May 15, 2026
Mobility for Desk Workers
Five essential mobility drills to counteract hours of sitting and improve your training performance.
If you spend 8+ hours at a desk, your hips, thoracic spine, and shoulders are likely limiting your training progress. Here are five drills I prescribe to every desk-worker client.
1. 90/90 Hip Switches
Sit on the floor with both knees bent at 90 degrees. Rotate your hips from one side to the other, keeping your chest tall. Perform 10 reps per side before every lower-body session.

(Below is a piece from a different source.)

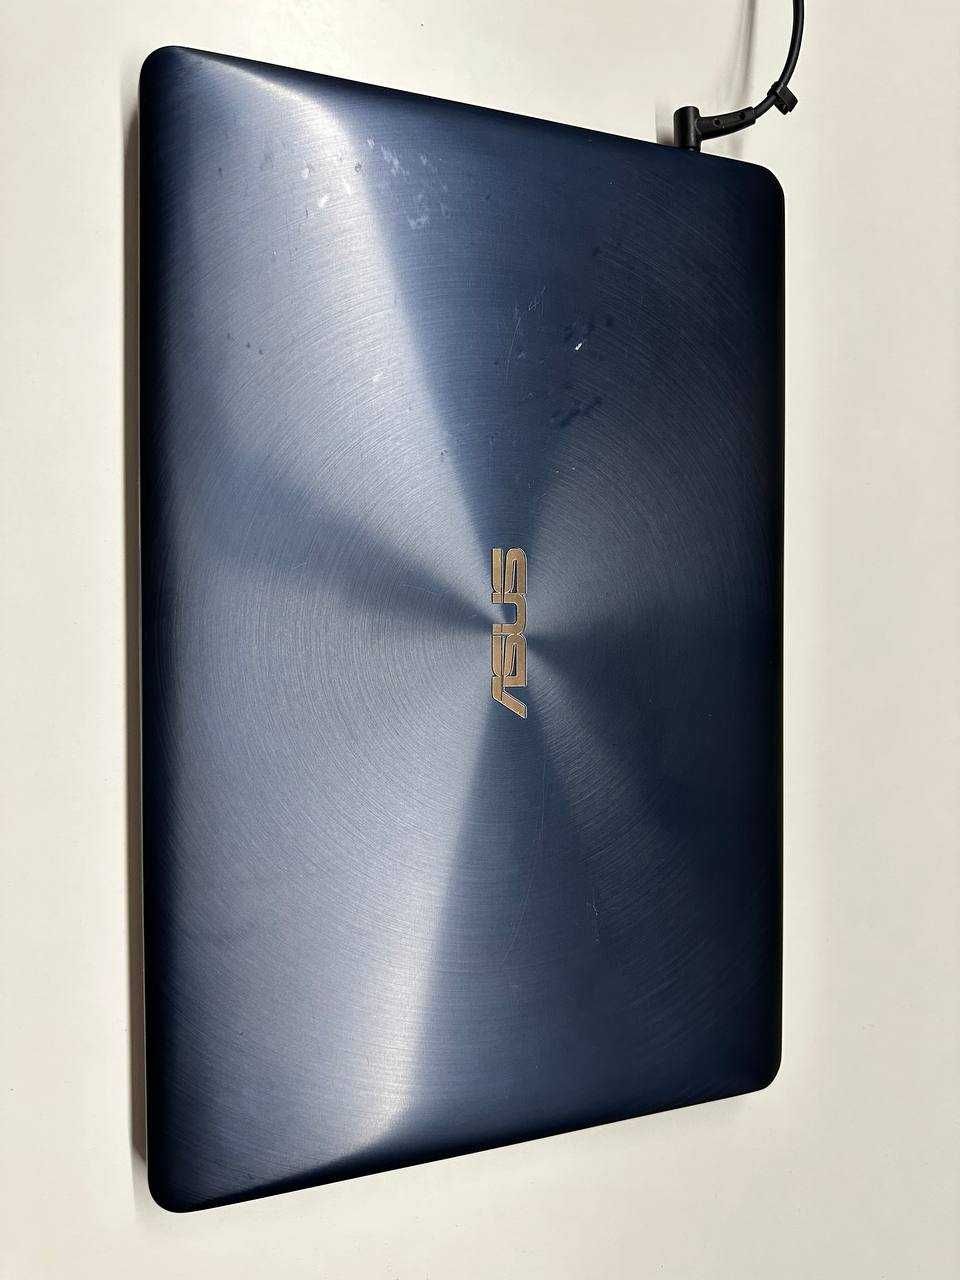 ASUS ZenBook Pro UX580GE

2. Thoracic Extensions on Foam Roller
Place a foam roller at your mid-back. Support your head with your hands and extend over the roller. Hold 2 seconds at end range. 10 reps.
3. Wall Slides
Stand with your back flat against a wall. Slide your arms up and down while maintaining contact. This opens the shoulders and reinforces good posture.
4. Couch Stretch
Place one foot on a bench behind you, knee on the ground. Squeeze the glute on the stretching side. Hold 60 seconds per side.
5. Cat-Cow with Breath
On all fours, alternate between spinal flexion and extension, syncing movement with your breath. 10 slow reps as a warm-up staple.
Putting It Together
Spend 10 minutes on these drills before your training sessions. Consistency beats intensity — do them daily for two weeks and notice the difference in your squat depth and overhead position.